Whole Exome Sequencing Data Analysis Service

Exome sequencing is a genomic analysis method that utilizes sequence capture technology to capture and enrich the DNA in the exonic regions of the whole genome, followed by high-throughput sequencing. By sequencing only about 2% of the entire genome, exome sequencing can provide information on over 95% of known functional regions, including 95% of pathogenic mutations associated with Mendelian diseases and various disease susceptibility loci. Therefore, exome sequencing has become a common method for disease-related gene testing, widely used in the identification of causative genes and susceptibility genes for complex diseases.

Variant Filtering, Classification, and Statistical Analysis

1) Filtering of SNP and InDel Variants

SNP and InDel variants undergo a filtering process based on the following criteria:No call rate >= 10%: Variants with a call rate less than 10% are filtered out；Minor allele frequency < 0.05: Variants with a minor allele frequency less than 0.05 are filtered out；Non-Hardy-Weinberg equilibrium (HWE) sites: Variants that do not conform to HWE, indicated by an HWE P-value less than 0.001, are filtered out.

After applying these filtering criteria, the remaining variants are selected for further analysis and interpretation.

Figure 1: Filter SNP site

2) Frequency Calculation

Frequency calculation involves determining the allele and genotype frequencies for each variant in the case and control groups.

In this step, the frequencies of different alleles and genotypes are calculated separately for the case and control groups. These frequencies provide valuable information about the distribution and occurrence of specific genetic variants within the studied population.

3) Association Analysis

In the association analysis, various statistical tests are performed to examine the relationship between genetic variants and the case-control groups.

The analysis includes stratified analysis, chi-square test, Fisher's exact test, and Cochran-Armitage trend test. These tests are used to compare the frequency distribution of alleles and genotypes between the case and control groups and determine if there are statistically significant differences.
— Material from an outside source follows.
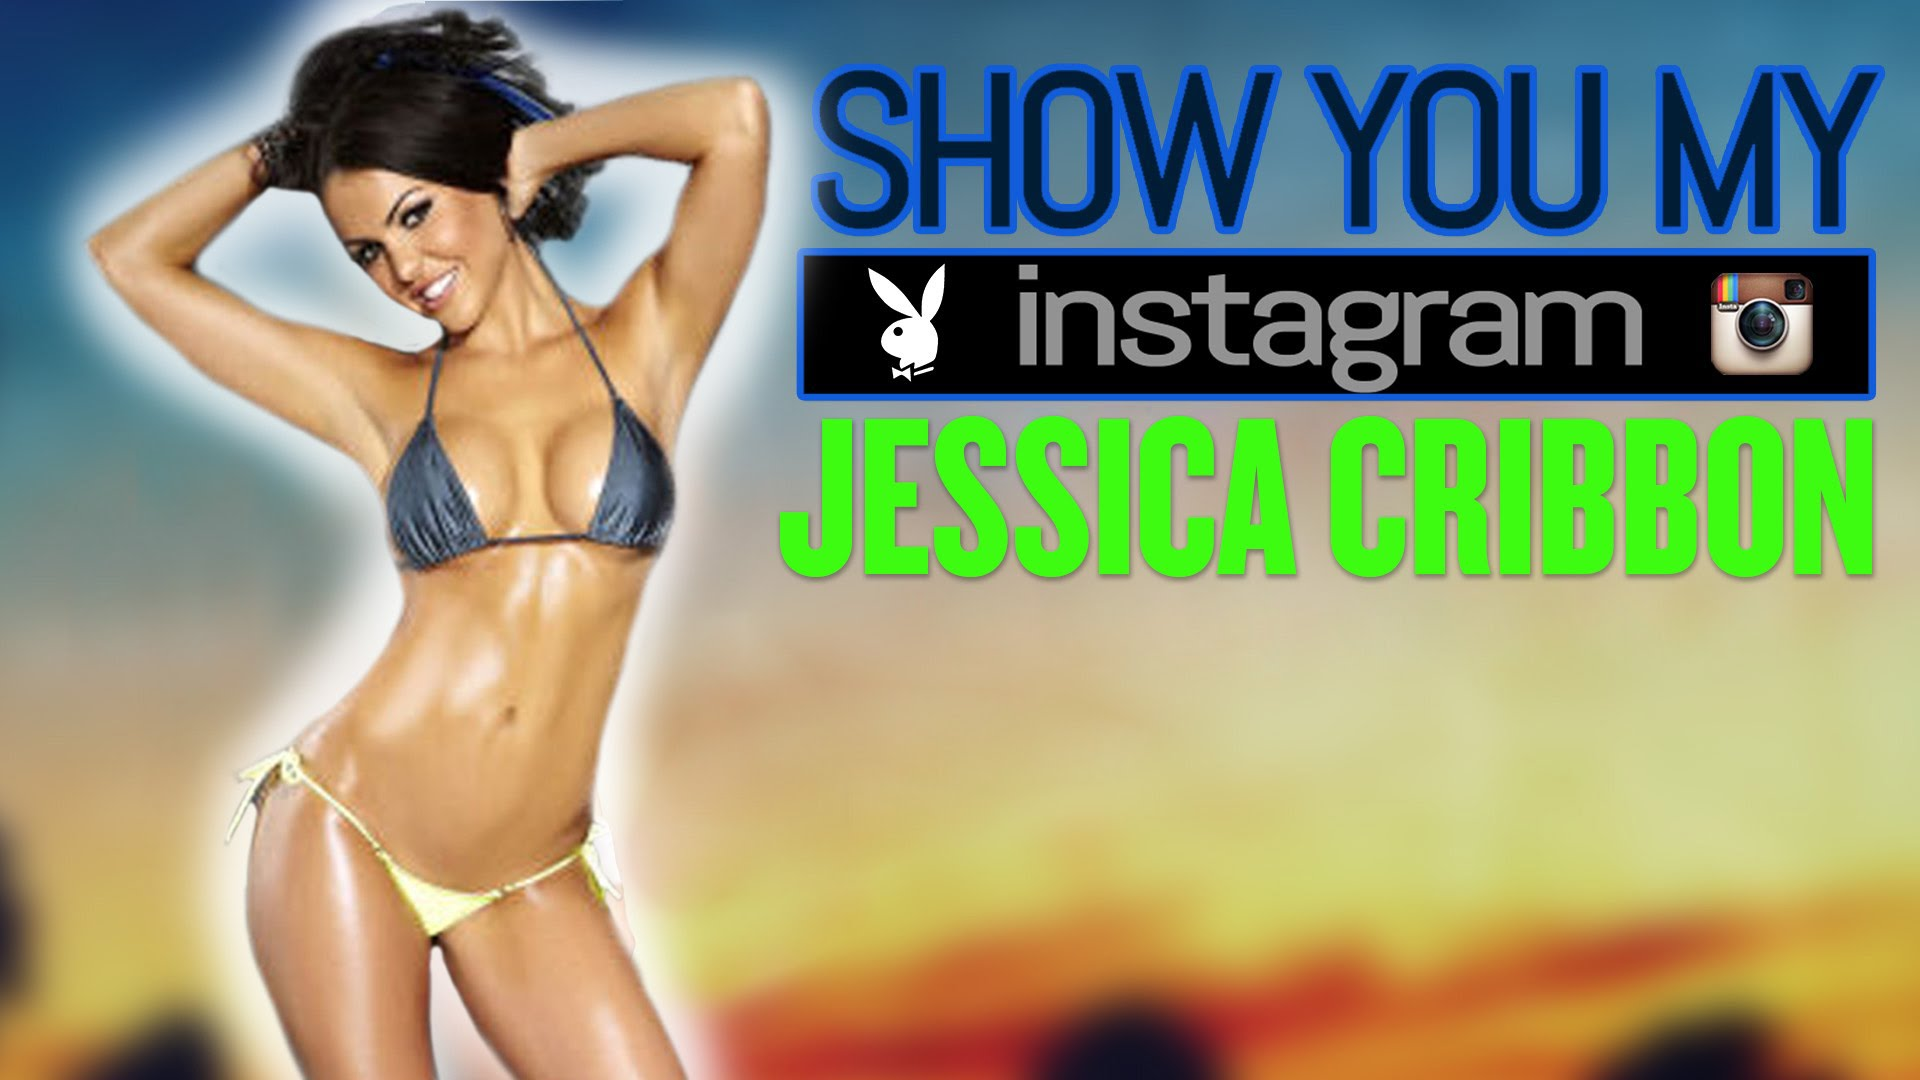 Jessica Cribbon apresentando o seu instagram

The stratified analysis helps to assess the association between genetic variants and disease risk in specific subgroups of the population. The chi-square test, Fisher's exact test, and Cochran-Armitage trend test are applied to examine whether there are statistically significant differences in the frequency distribution of alleles and genotypes between the two groups. These tests provide valuable insights into the potential association between specific genetic variants and the studied phenotype or disease.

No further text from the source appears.